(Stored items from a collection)
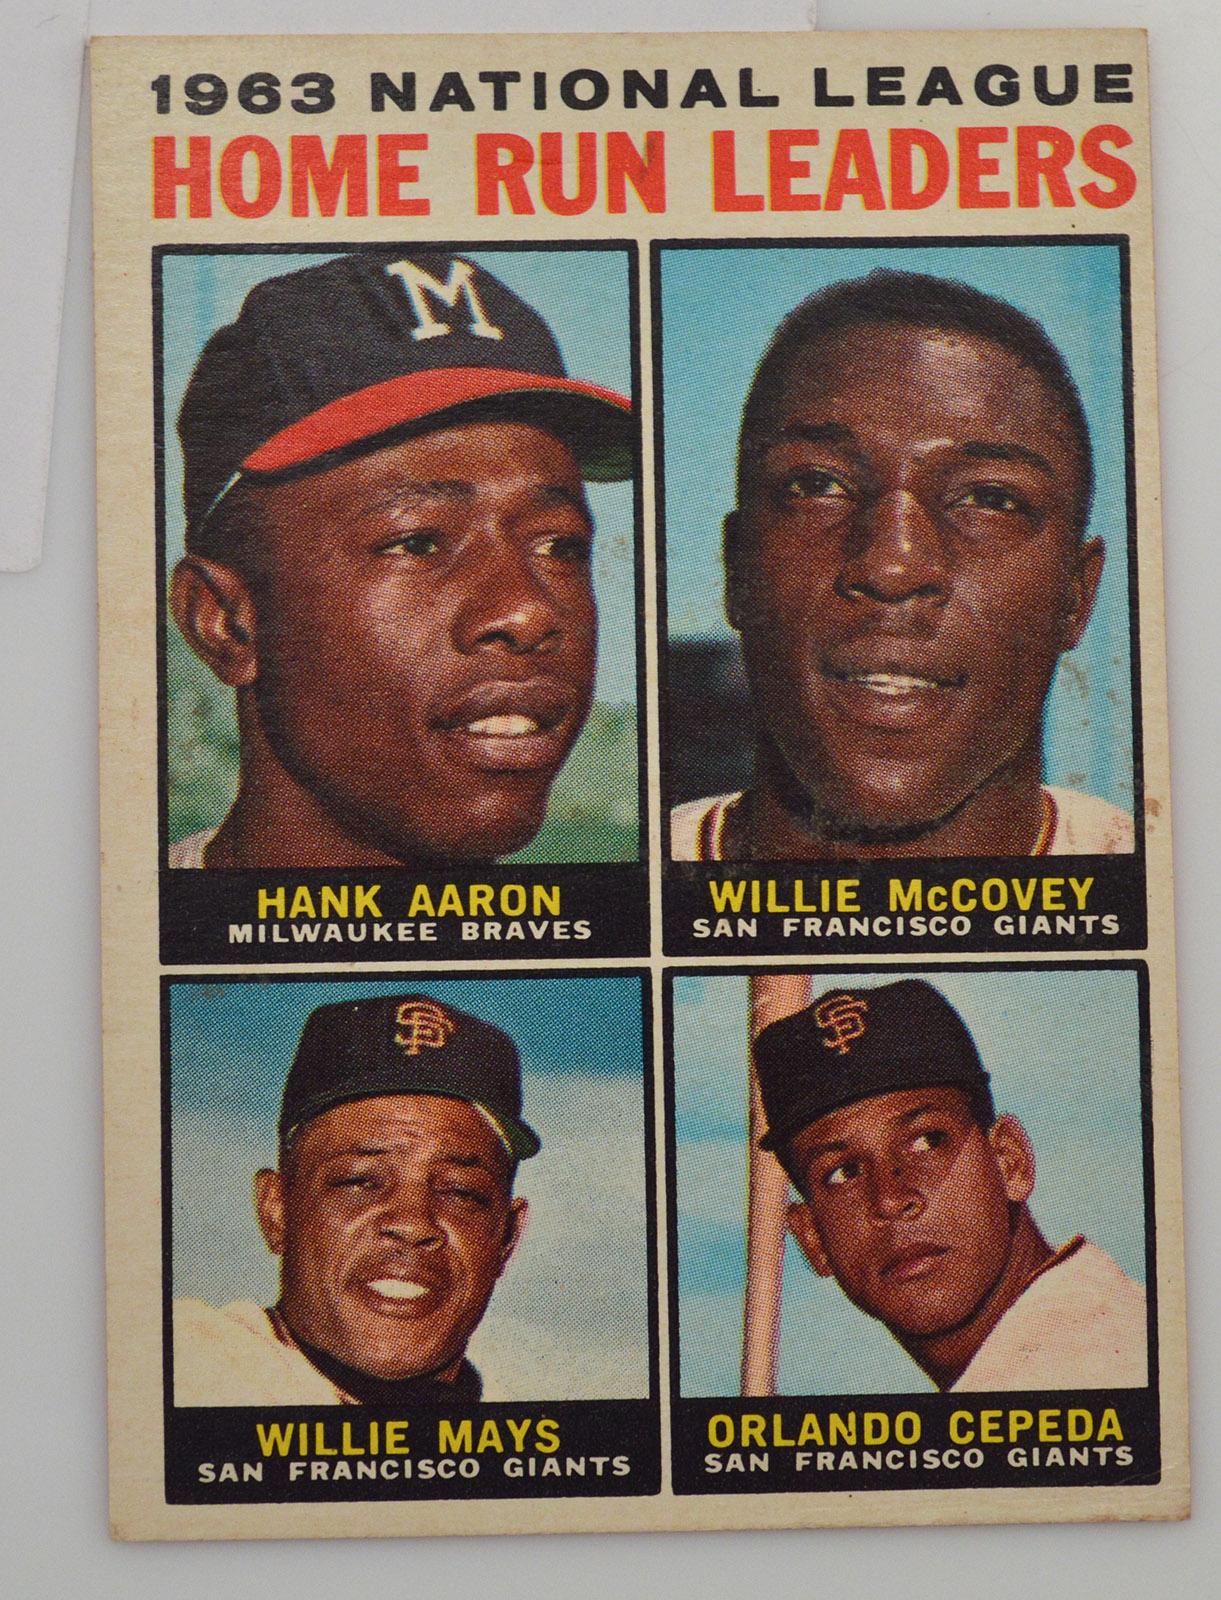 1964 63 National League Home Run Leaders Hank Aaron Willie
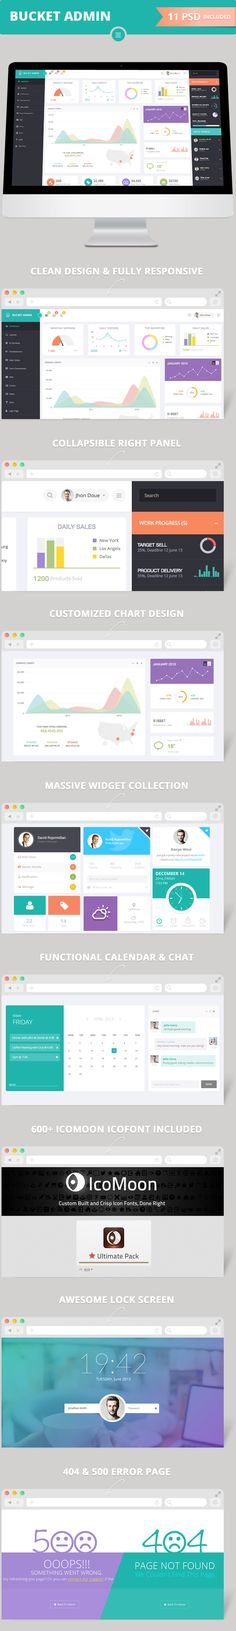 Site Templates - Bucket Admin Bootstrap 3 Responsive Flat Dashboard | ThemeForest
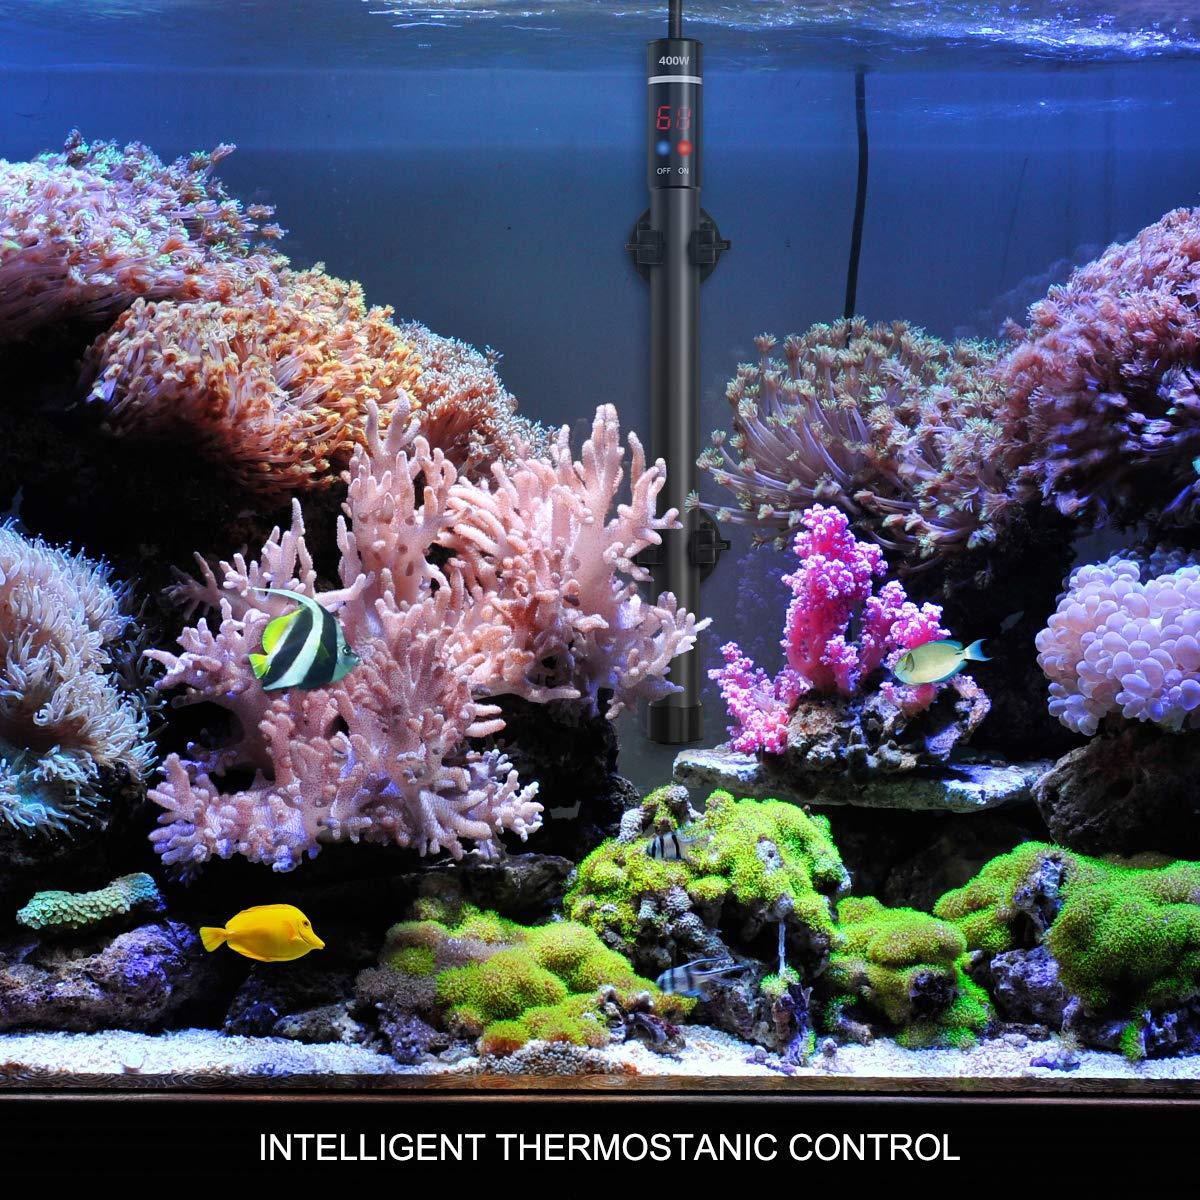 UEETEK Aquarium Heater 400W, Submersible Titanium Fish Tank Heaters Thermostat with Intelligent LED Temperature Display by UEETEK (Image #7)
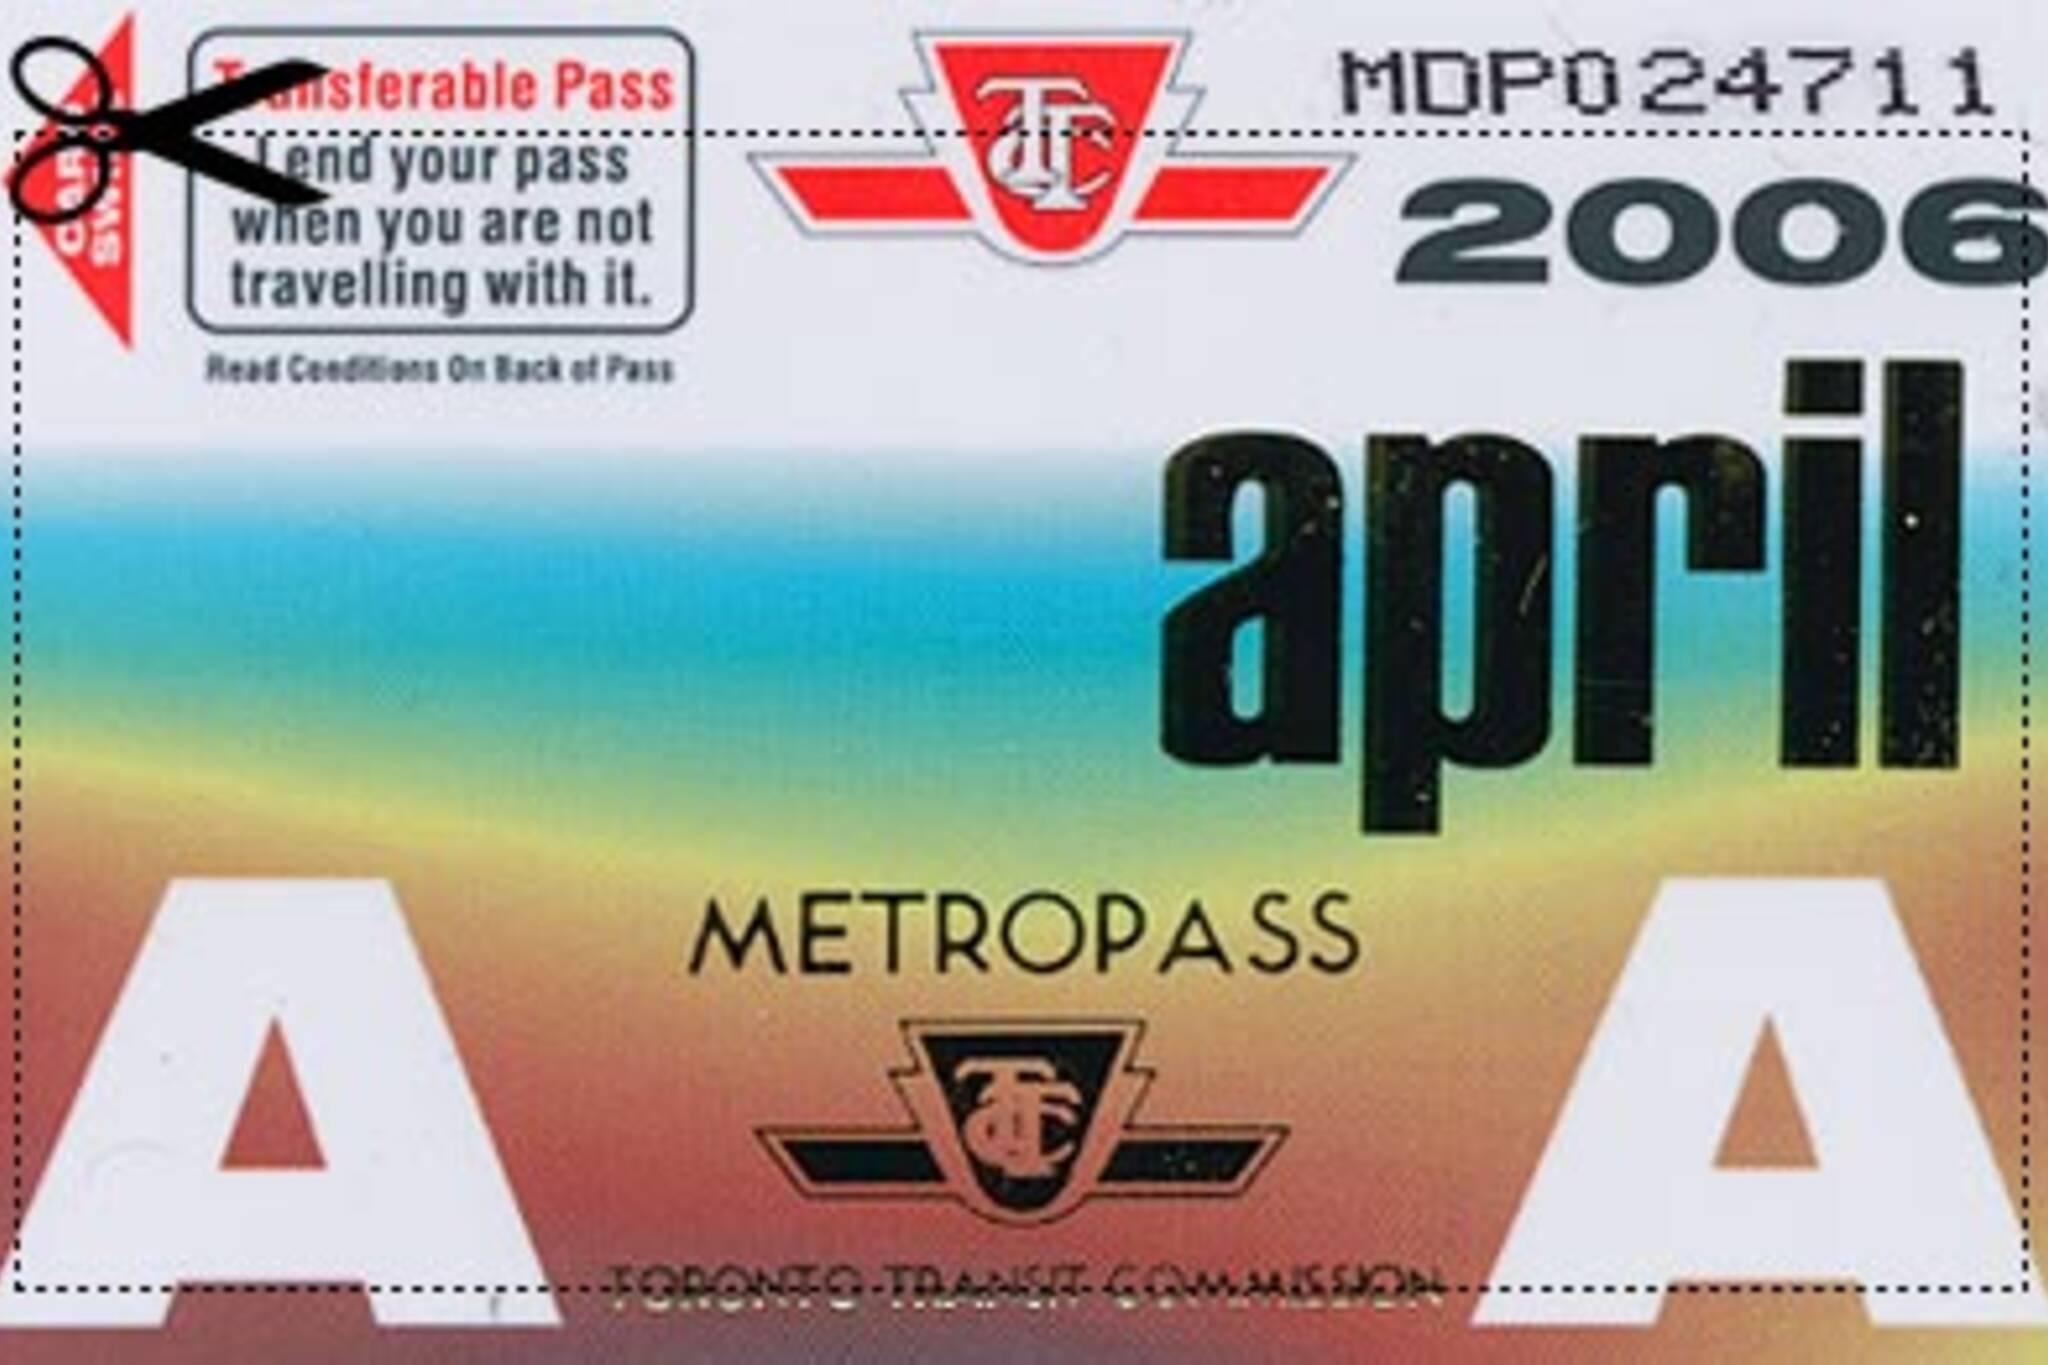 Metropass Affinity Program
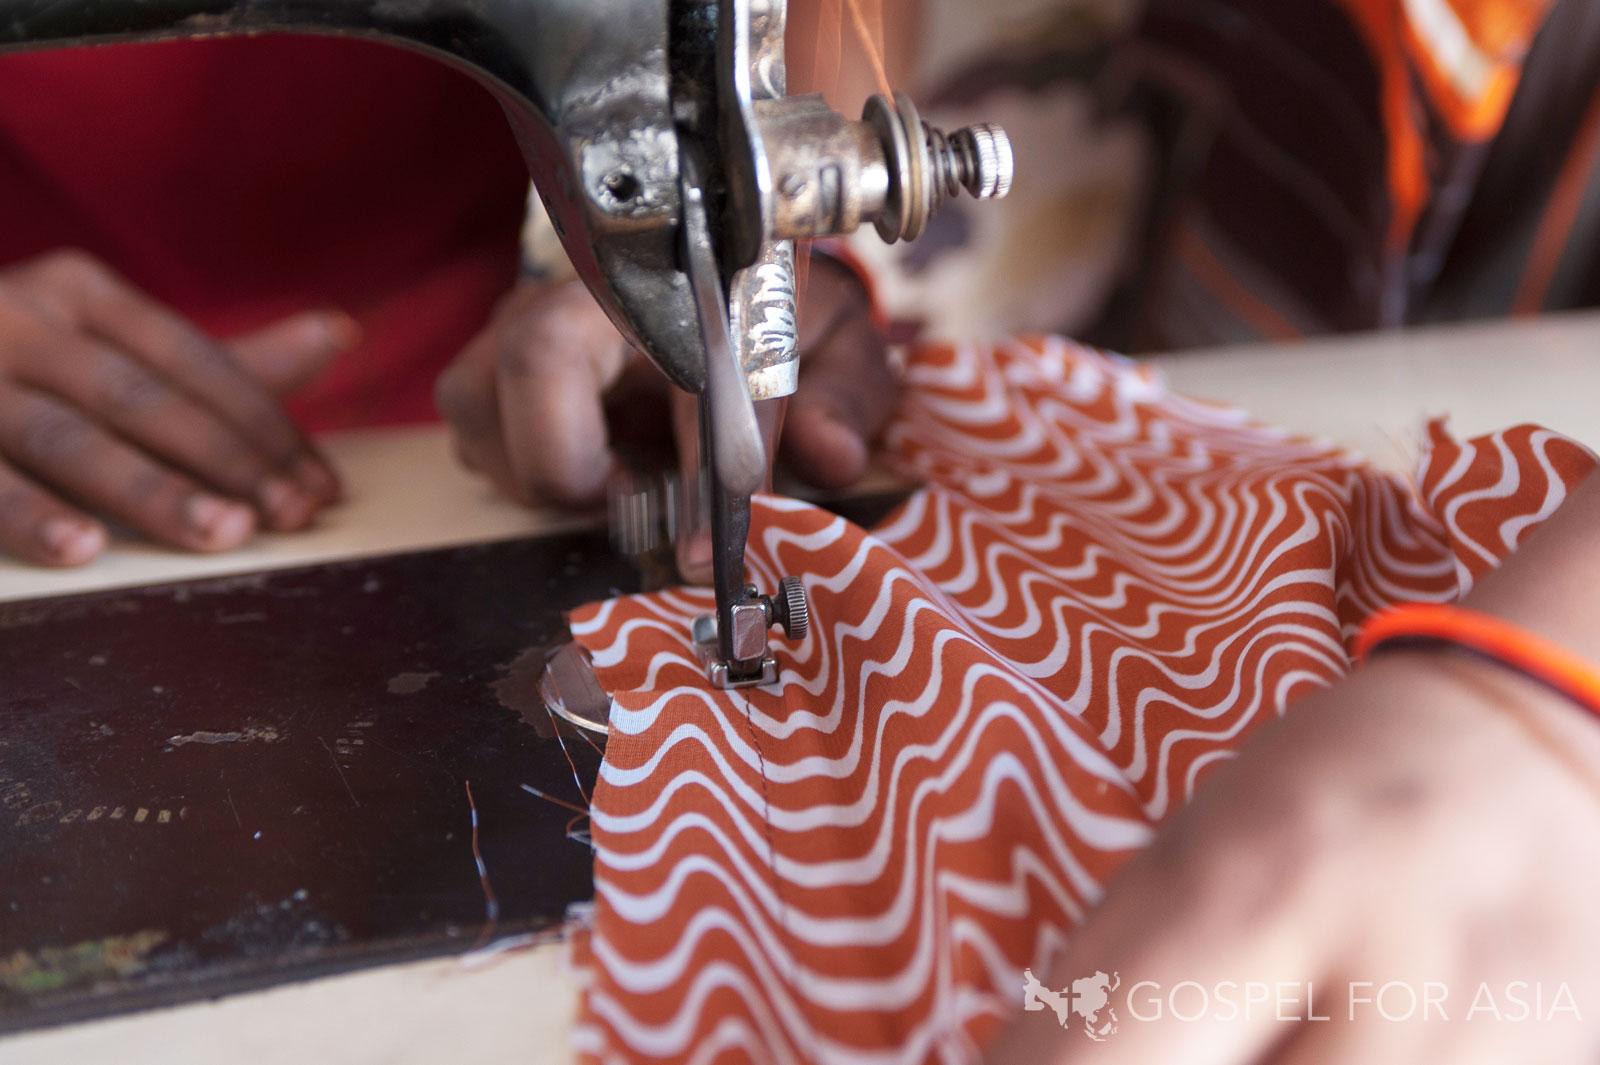 Stigma, persistence, and a sewing machine

Assignment :: Make an exact copy of the lines above, starting at the line that contains "UEETEK Aquarium Heater" and running through the final line of the entries. Omit the pictures.

Answer space ::
 UEETEK Aquarium Heater 400W, Submersible Titanium Fish Tank Heaters Thermostat with Intelligent LED Temperature Display by UEETEK (Image #7)
 Metropass Affinity Program
 Stigma, persistence, and a sewing machine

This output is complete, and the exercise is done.